* **WORK REQUEST**
Every line of the material needs an exact copy, apart from the images.

* **COLLECTED MATERIAL**
····················
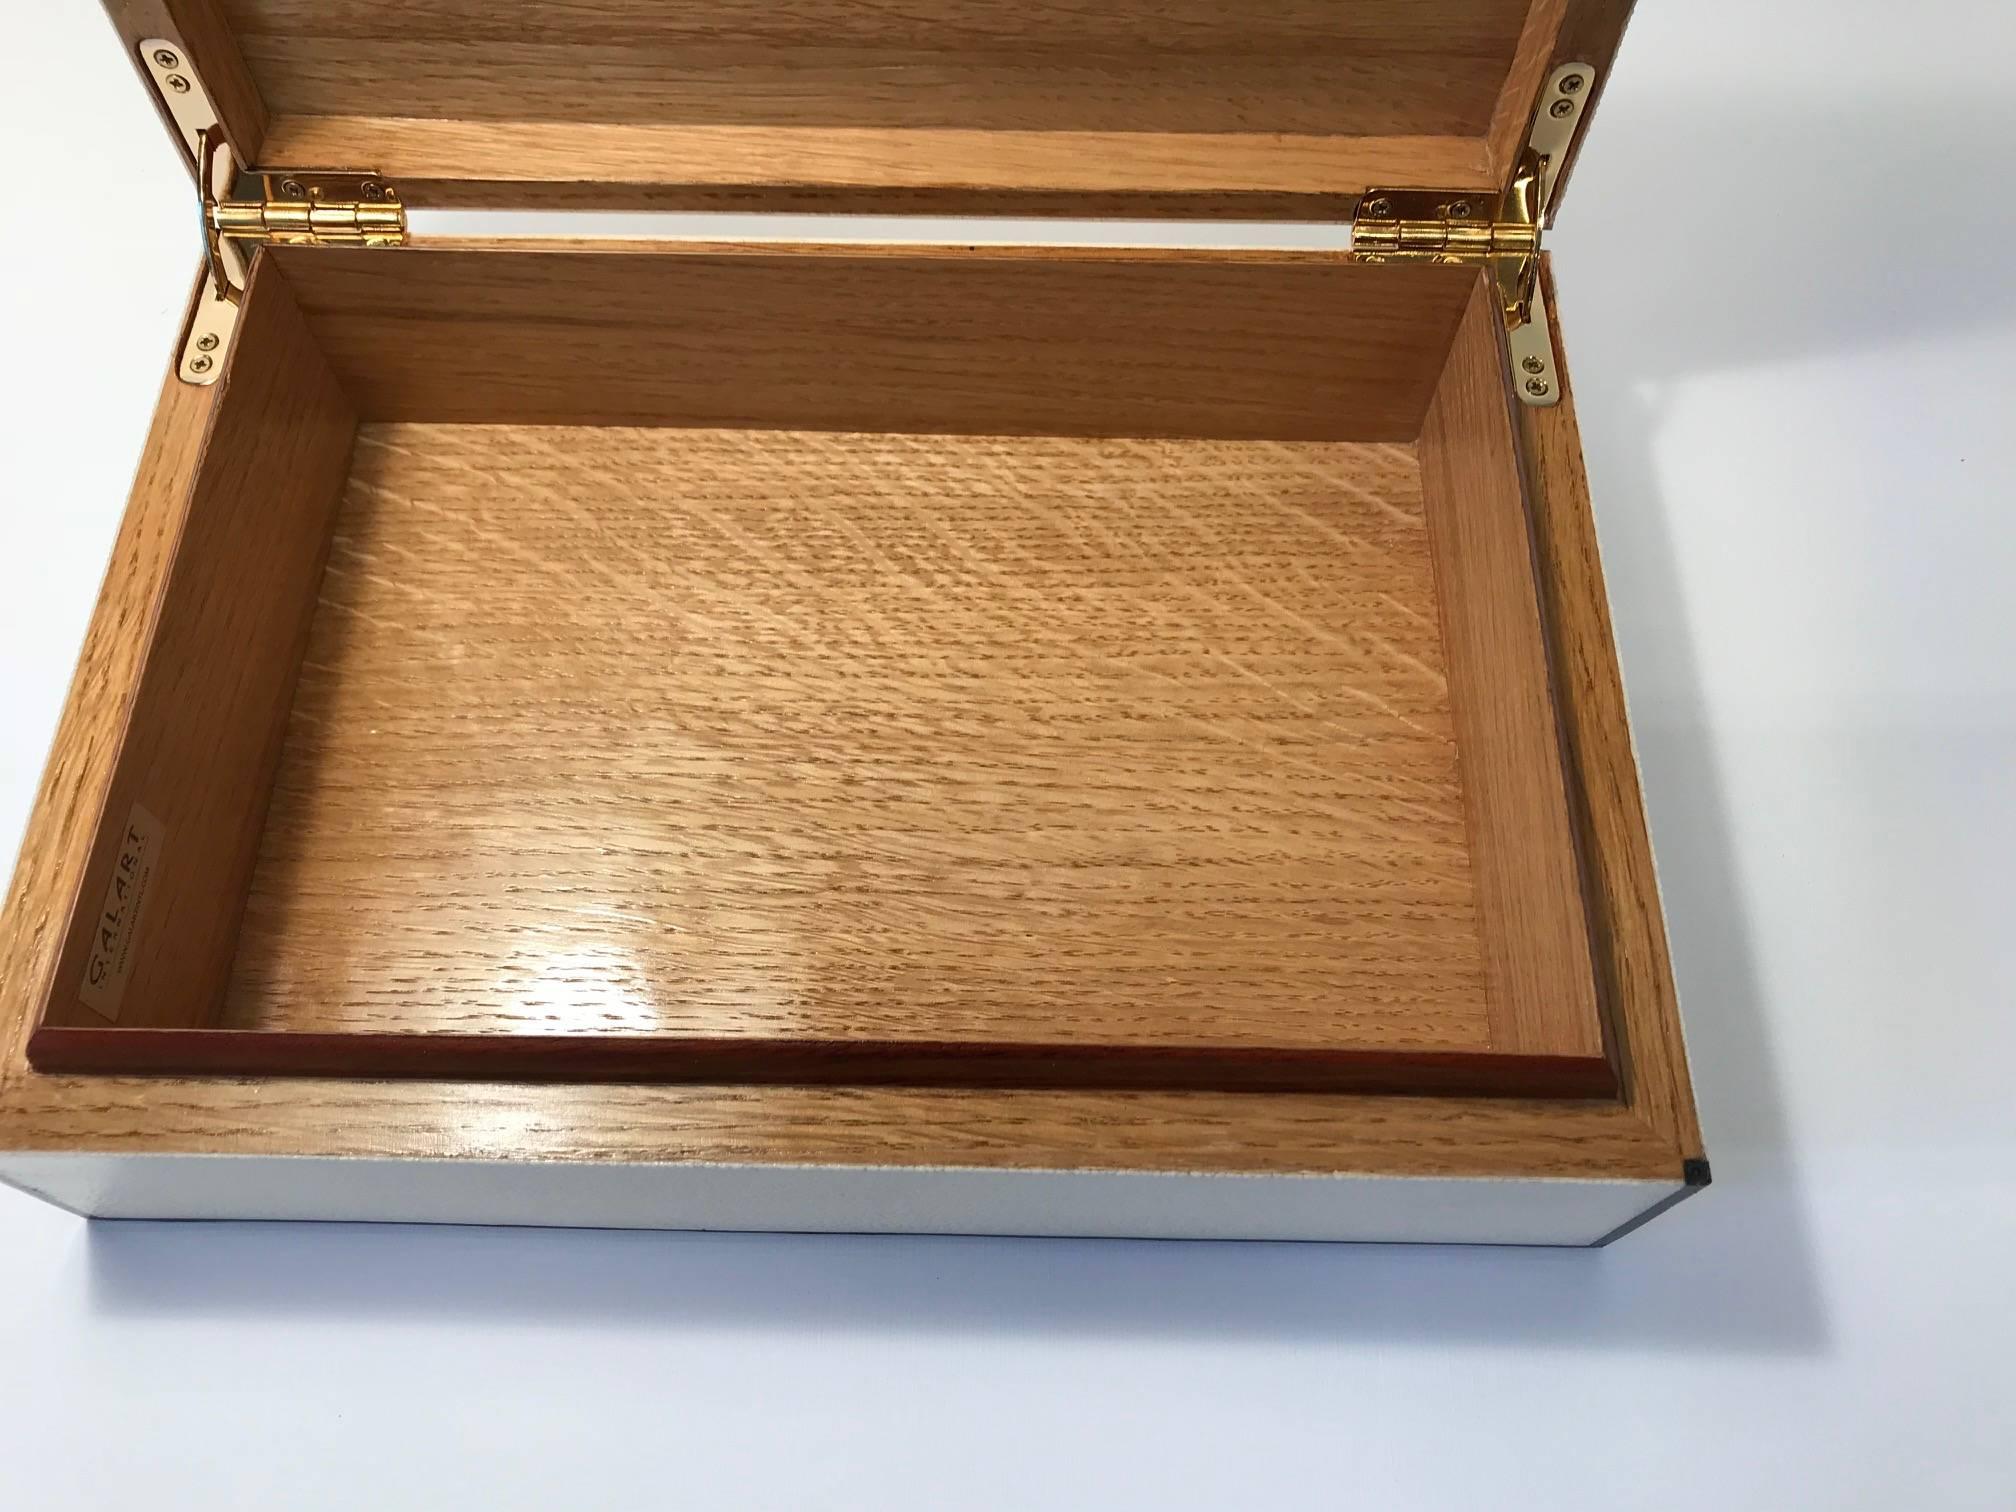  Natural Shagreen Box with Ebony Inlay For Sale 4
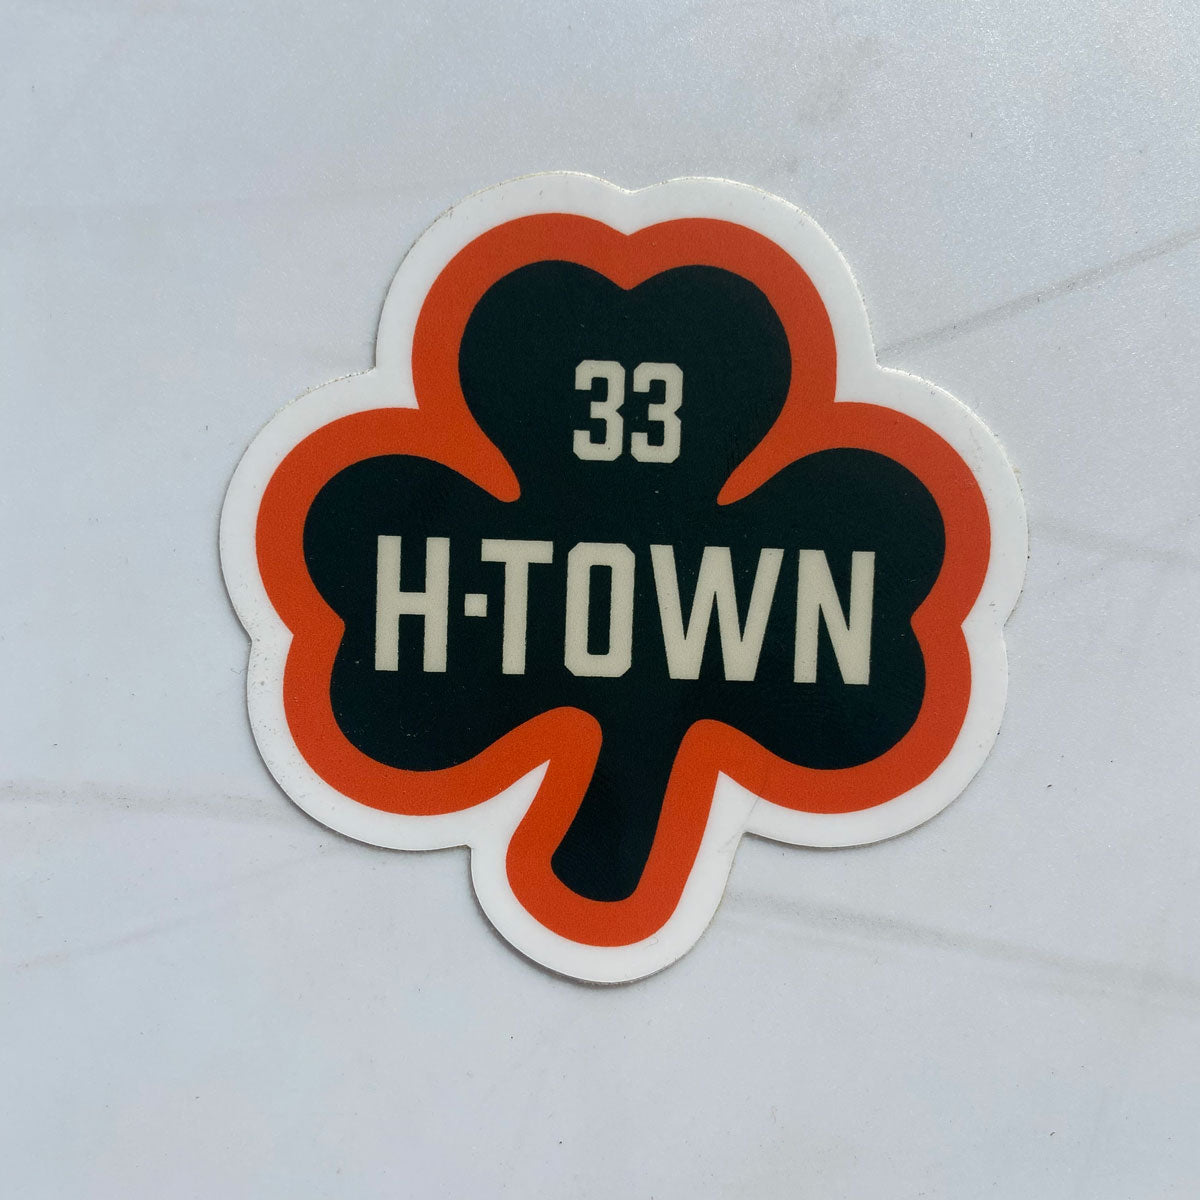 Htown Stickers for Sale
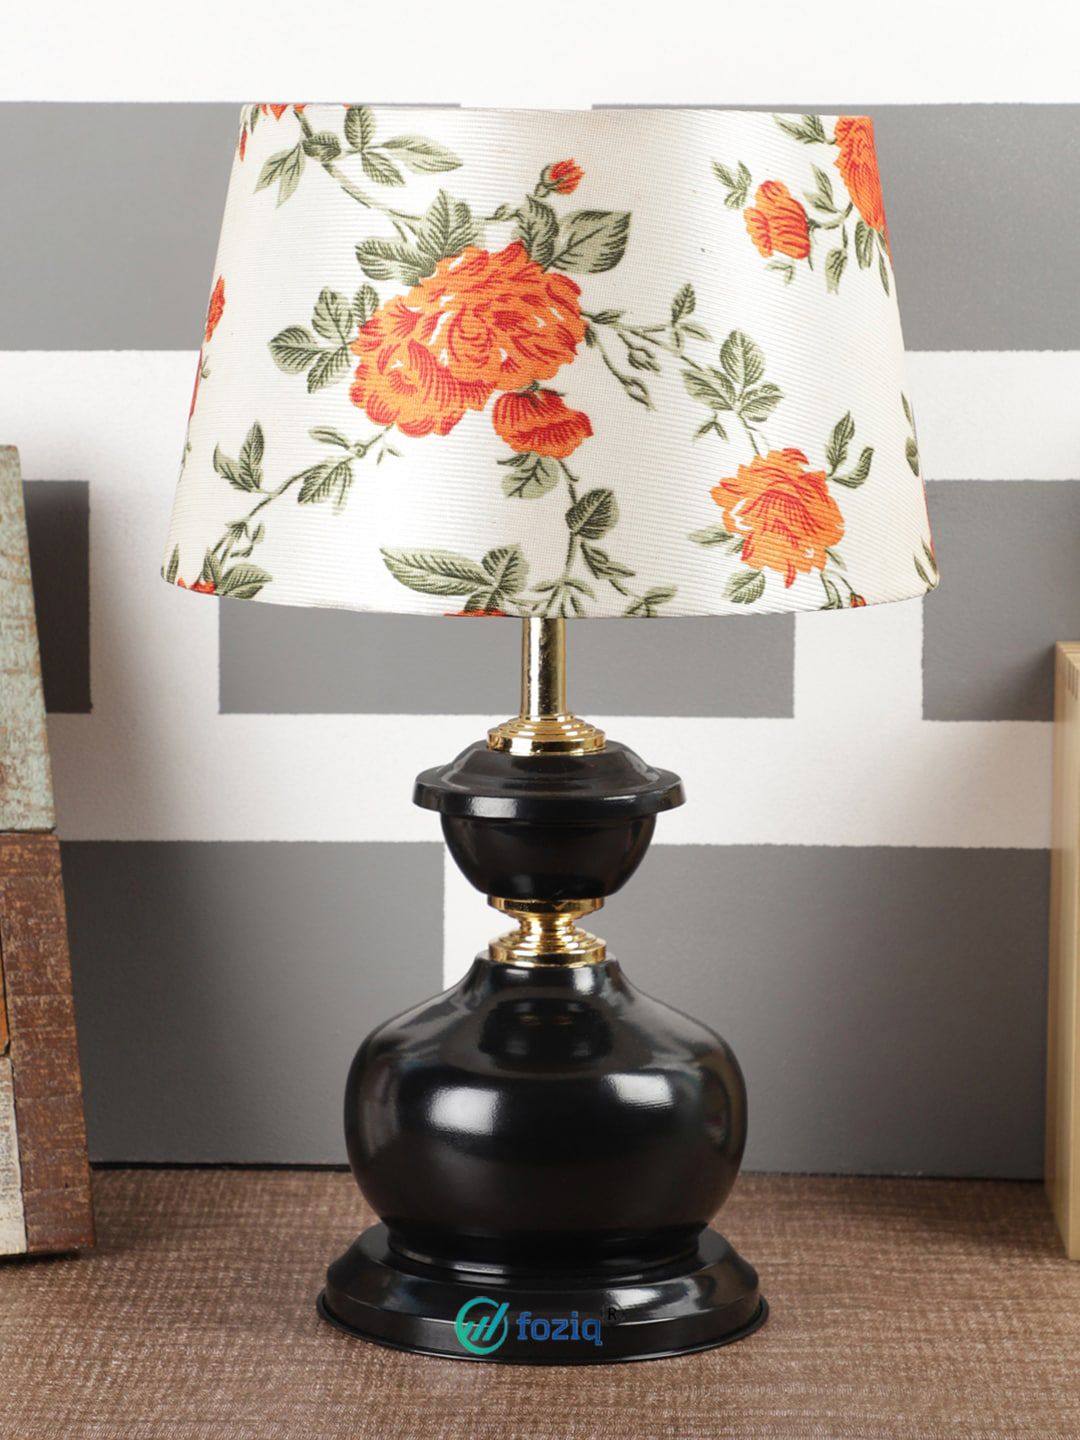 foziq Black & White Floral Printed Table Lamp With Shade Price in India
····················
* **TASK RESULT**
  Natural Shagreen Box with Ebony Inlay For Sale 4
 Htown Stickers for Sale
 foziq Black & White Floral Printed Table Lamp With Shade Price in India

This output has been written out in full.